The City of Albuquerque and Rio Arriba County have removed their publicly displayed statues of Oñate, the Spanish colonist governor of 1500s New Mexico, who murdered, enslaved and stole land from Pueblo people. Around the nation, the push to remove all slavery and colonist statues from public spaces, which honor America’s immoral past, is occurring.

Racism has existed in New Mexico since Oñate. It’s a unique racism, not based in skin color, but 100% in colonialism. The elitism the Spanish brought to New Mexico, pushing Catholicism on Native people, has caused misery and brokenness for hundreds of years.

That’s what colonialism does: It is slow-motion genocide which lasts generations. The alcoholism and drug use, the poverty and the health crisis of the pueblo and Navajo people are direct reflections of the colonialism they’ve endured, and the generational trauma they live.

Since the colonization of New Mexico by America, Hispanic communities of New Mexico are suffering the same plight. From well before 1912, Hispanics have been losing their lands to National Forests and the Bureau of Land Management. They’ve had to stop farming. They’re experiencing housing gentrification, forced out of their historic neighborhoods, and must sell their generational homes. Alcoholism, drug use and crime inundated their communities.
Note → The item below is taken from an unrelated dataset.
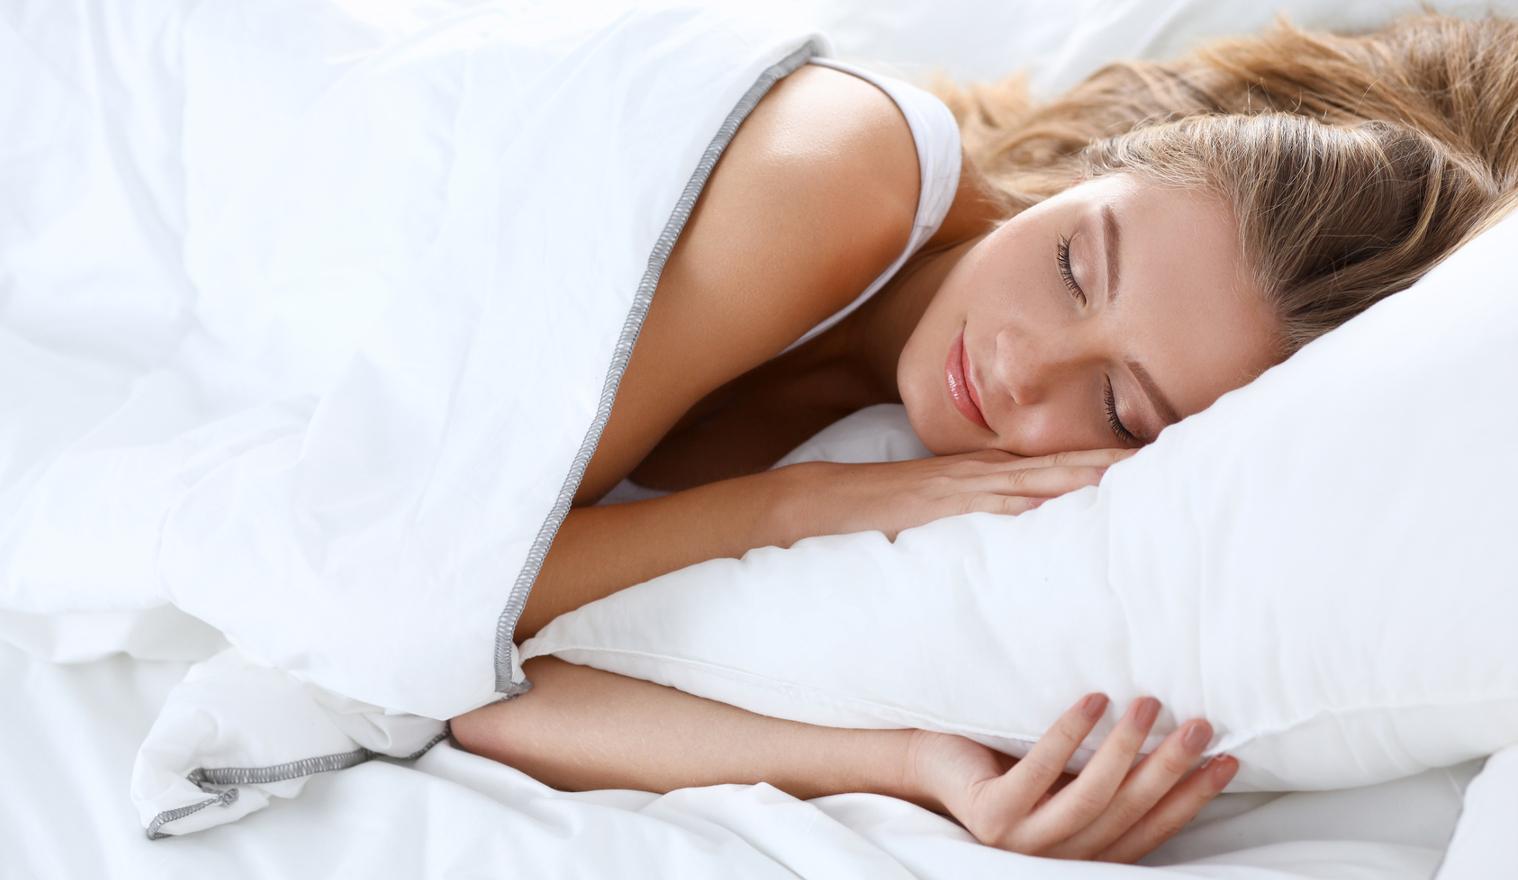 schlafoptimierung, gesunder schlaf, tipps für schlaf, schlafprobleme

They are justifiably angry and experiencing colonialist trauma.

Unlike white Americans’ denial of their families’ slavery legacies, Hispanic communities have been aware of their colonial impacts on pueblo people, and have proactively tried, for generations, to make amends for the sins of their fathers.
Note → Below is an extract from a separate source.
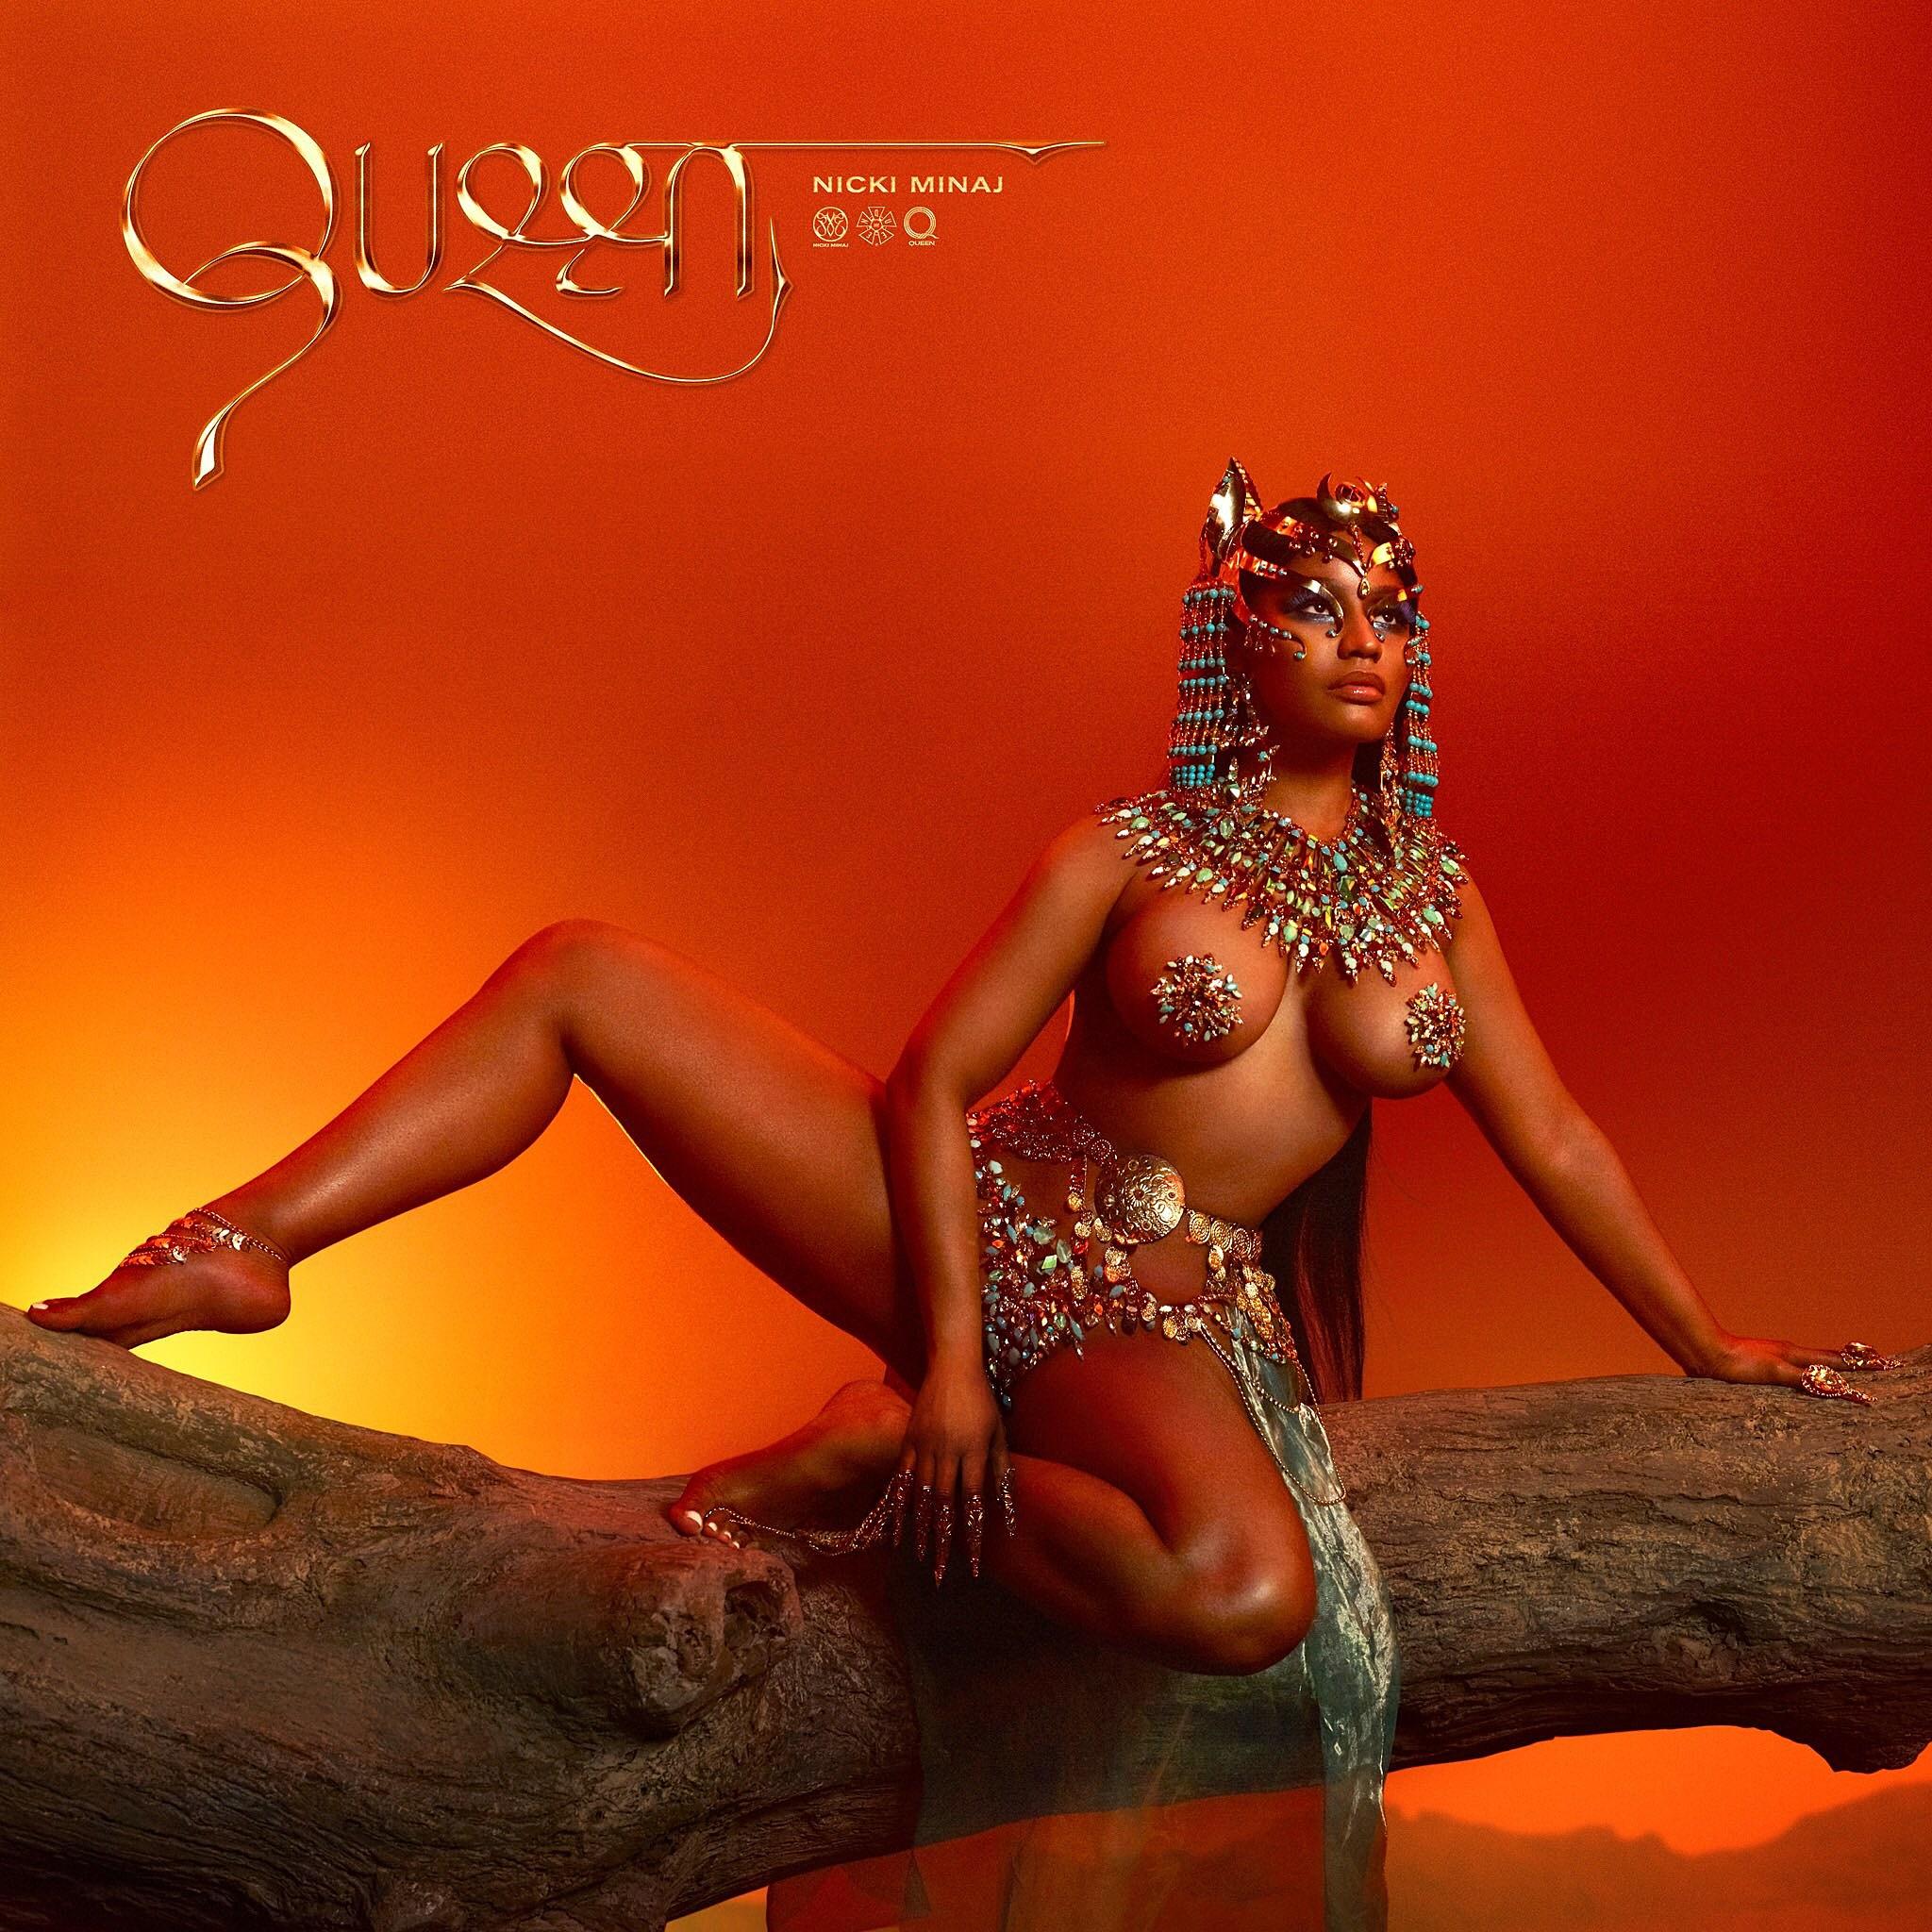 Resultado de imagem para queen nicki minaj cover art album

They’ve intermarried with pueblo people, they’ve historically had towns next to Native communities (Alcalde, La Bajada, Cañada, etc.) allowing for open trade and education, and they’ve attended and celebrated their Catholic ceremonies together, adopting and honoring each culture’s traditions. It hasn’t always gone well, and elitism reappears through generations, but efforts for reconciliation are conscious and practiced to this day.
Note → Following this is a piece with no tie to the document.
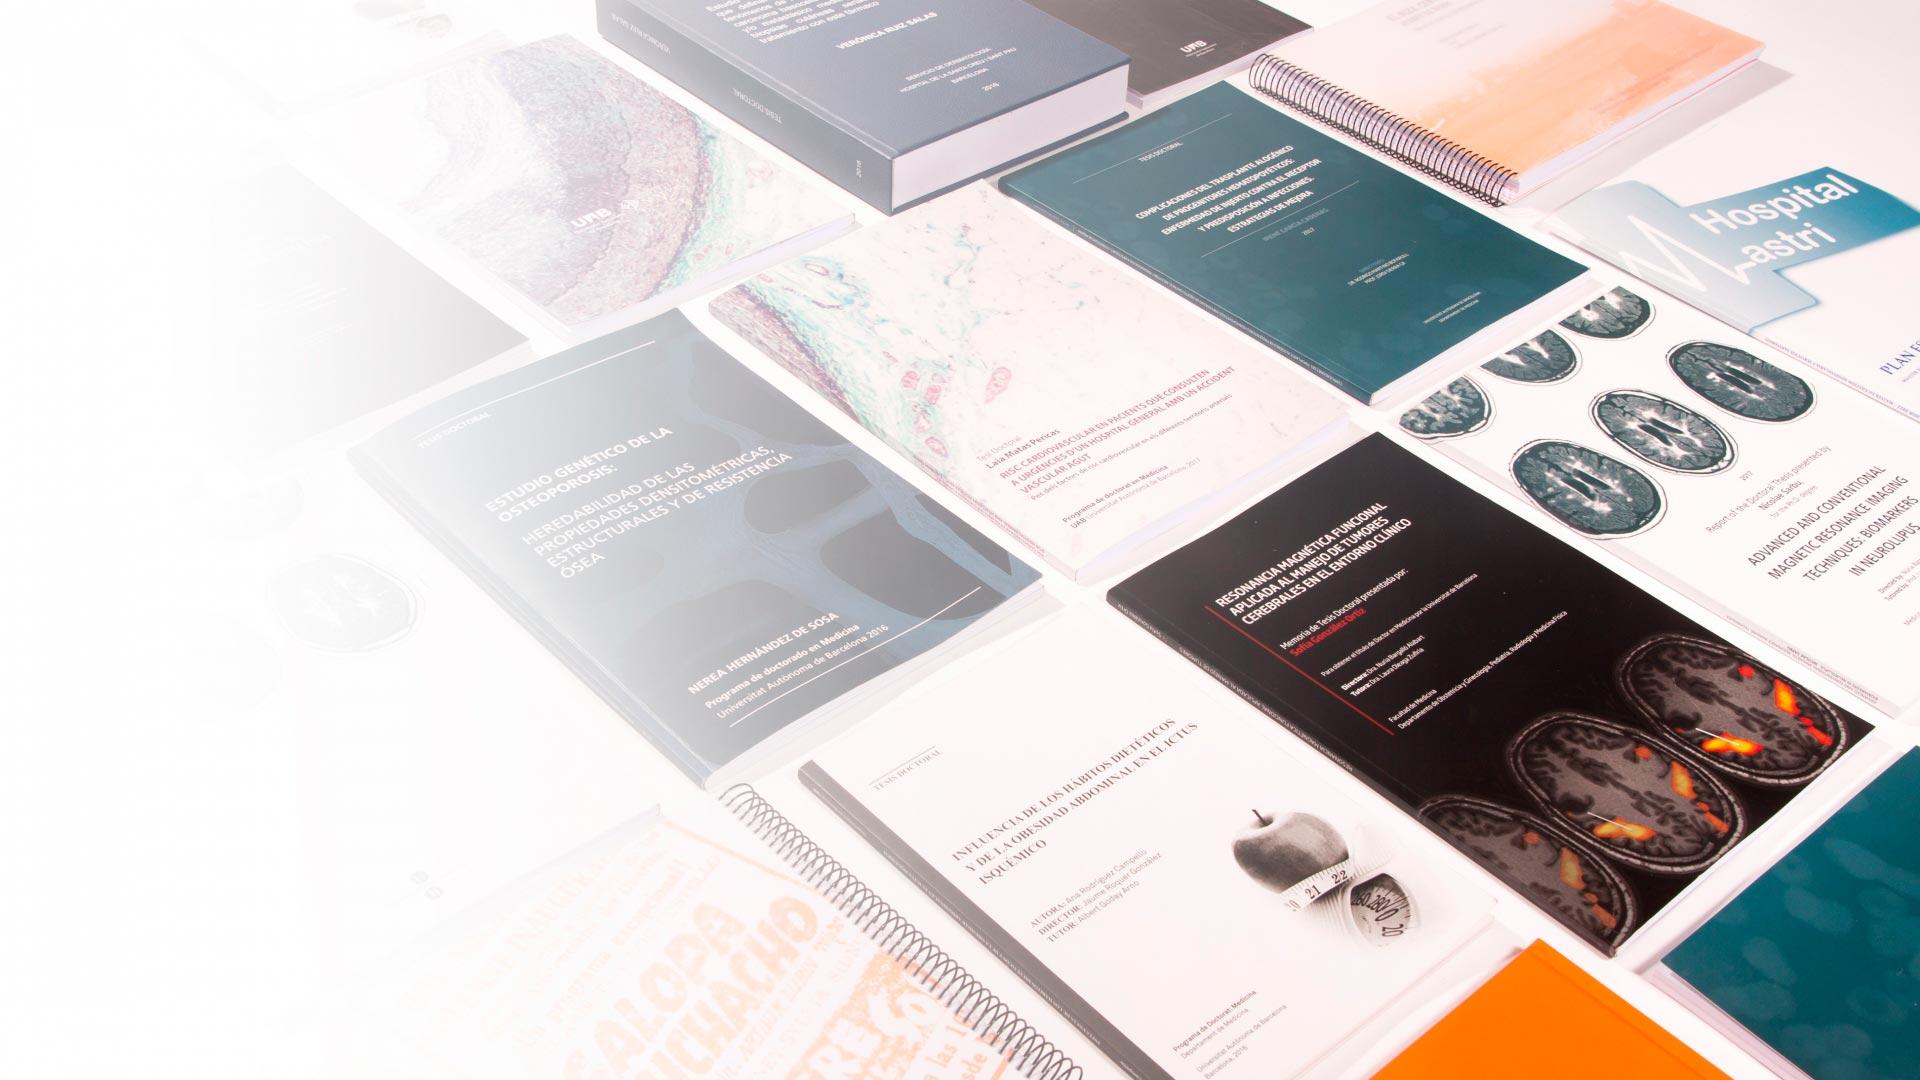 Tesis doctorals dissenyades i maquetades per Anna Morera

With the current removal of Spanish conquistador statues, anger and upset is reemerging within both cultures. Some Hispanics are angry and hurt, voicing the same reasonings of Southern white Americans on the removal of their historic statues. “It’s our history” is being heard. The pueblo people are justifiably correct in wanting these public figures removed. Some New Mexicans don’t care either way. (“Just tell us, when is marijuana going to be legalized?”)

Public spaces, and the statues they display, have one major purpose: to reiterate the values of the greater society. They reflect and honor individuals who sacrificed for the values of their communities, people honored through gardens, statues, or memorials. These are places to gather, celebrate, and debate. Public spaces reflect governments, communities and the future directions of the people.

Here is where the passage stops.